Loading the tree models:

In [46]:
#Decision Tree model:
model_dt = "../models/decision_tree_classifier.sav"
with open(model_dt, 'rb') as file:
    loaded_model_dt = pickle.load(file)

#Random Forest model:
model_rf = "../models/random_forest_best_hyperparameters.sav"
with open(model_rf, 'rb') as file:
    loaded_model_rf = pickle.load(file)

#Boosting model:
loaded_model_boosting = joblib.load('../models/xgb_classifier_42.sav')

Predictions in each model:

In [47]:
y_pred_dt = loaded_model_dt.predict(X_test)
y_pred_rf = loaded_model_rf.predict(X_test)
y_pred_bt = loaded_model_boosting.predict(X_test)

Printing the accuracy for each model:

In [48]:
accuracy_dt = accuracy_score(y_test, y_pred_dt)
accuracy_rf = accuracy_score(y_test, y_pred_rf)
accuracy_bt = accuracy_score(y_test, y_pred_bt)
print(f'Accuracy Decision Tree Model: {accuracy_dt:.2f}')
print(f'Accuracy Random Forest Model: {accuracy_rf:.2f}')
print(f'Accuracy Boosting Model: {accuracy_bt:.2f}')

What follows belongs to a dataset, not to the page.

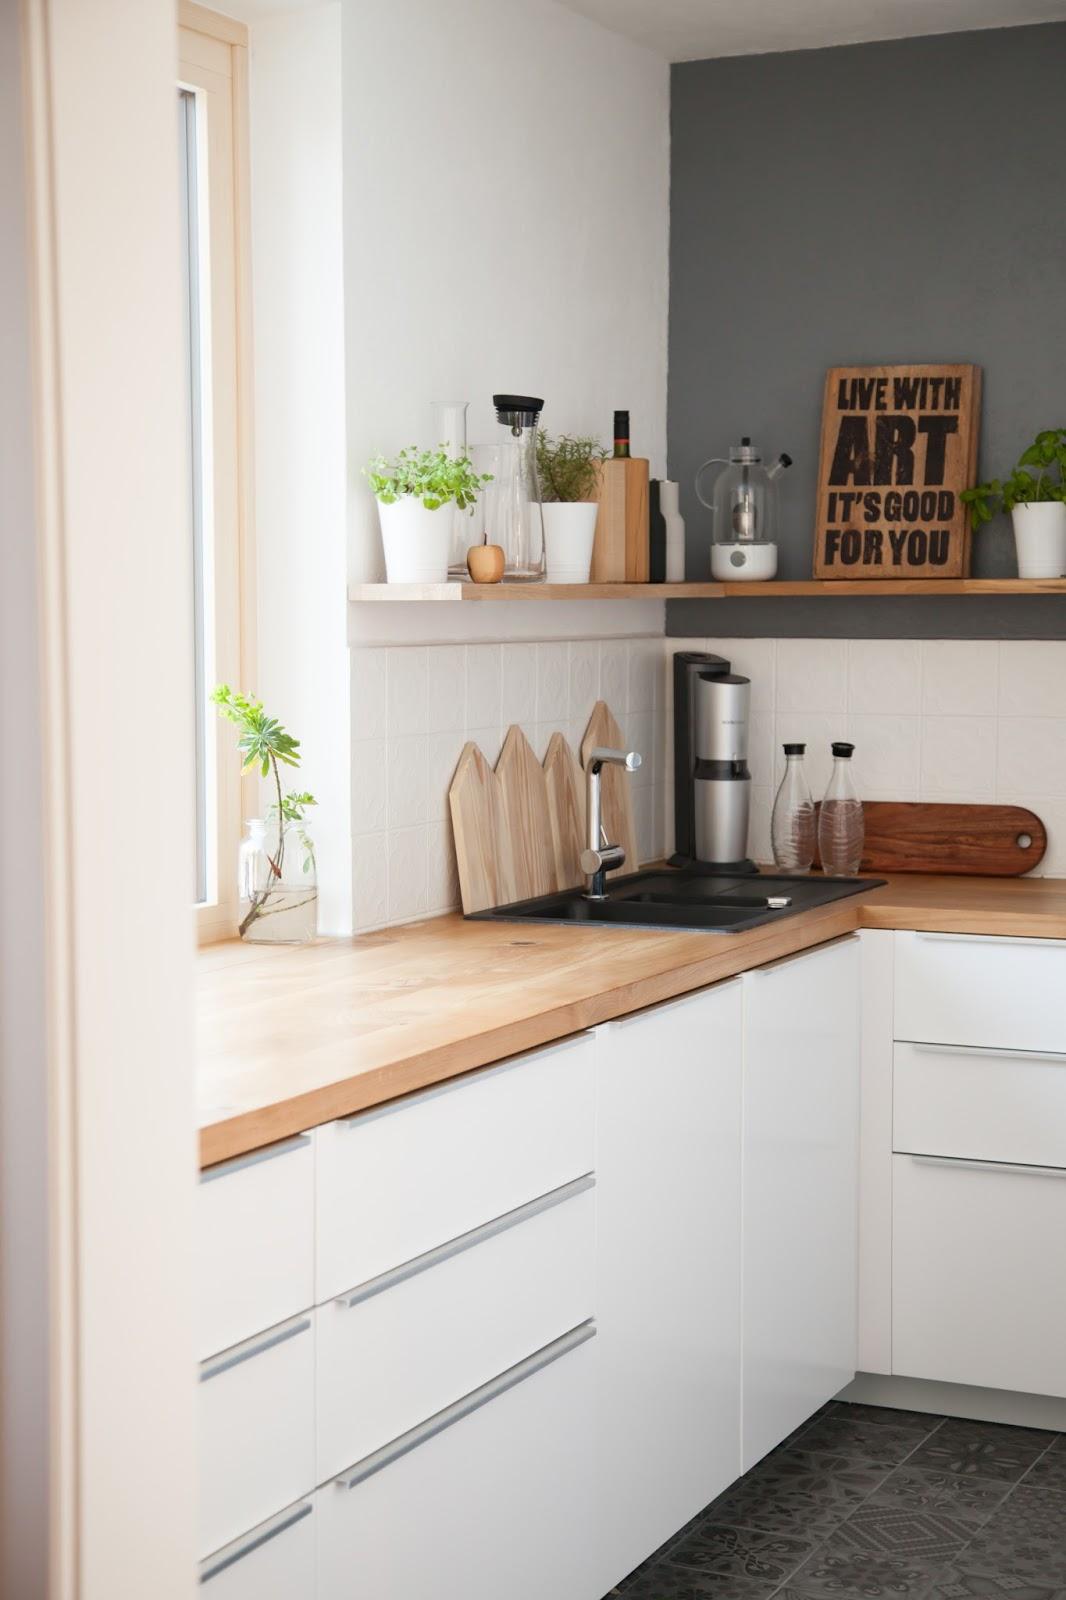 Full Size of Schmale Küche U Form Ikea Küche U Form Grifflose Küche U Form Küche U Form Weiß Hochglanz Küche Küche U Form

Accuracy Decision Tree Model: 0.71
Accuracy Random Forest Model: 0.76
Accuracy Boosting Model: 0.79


CONSLUSION:

The accuracy results are lower in the Decision Tree model (71%) and better in the Boosting model (79%), so for the diabetes detection project, the best method is Boosting.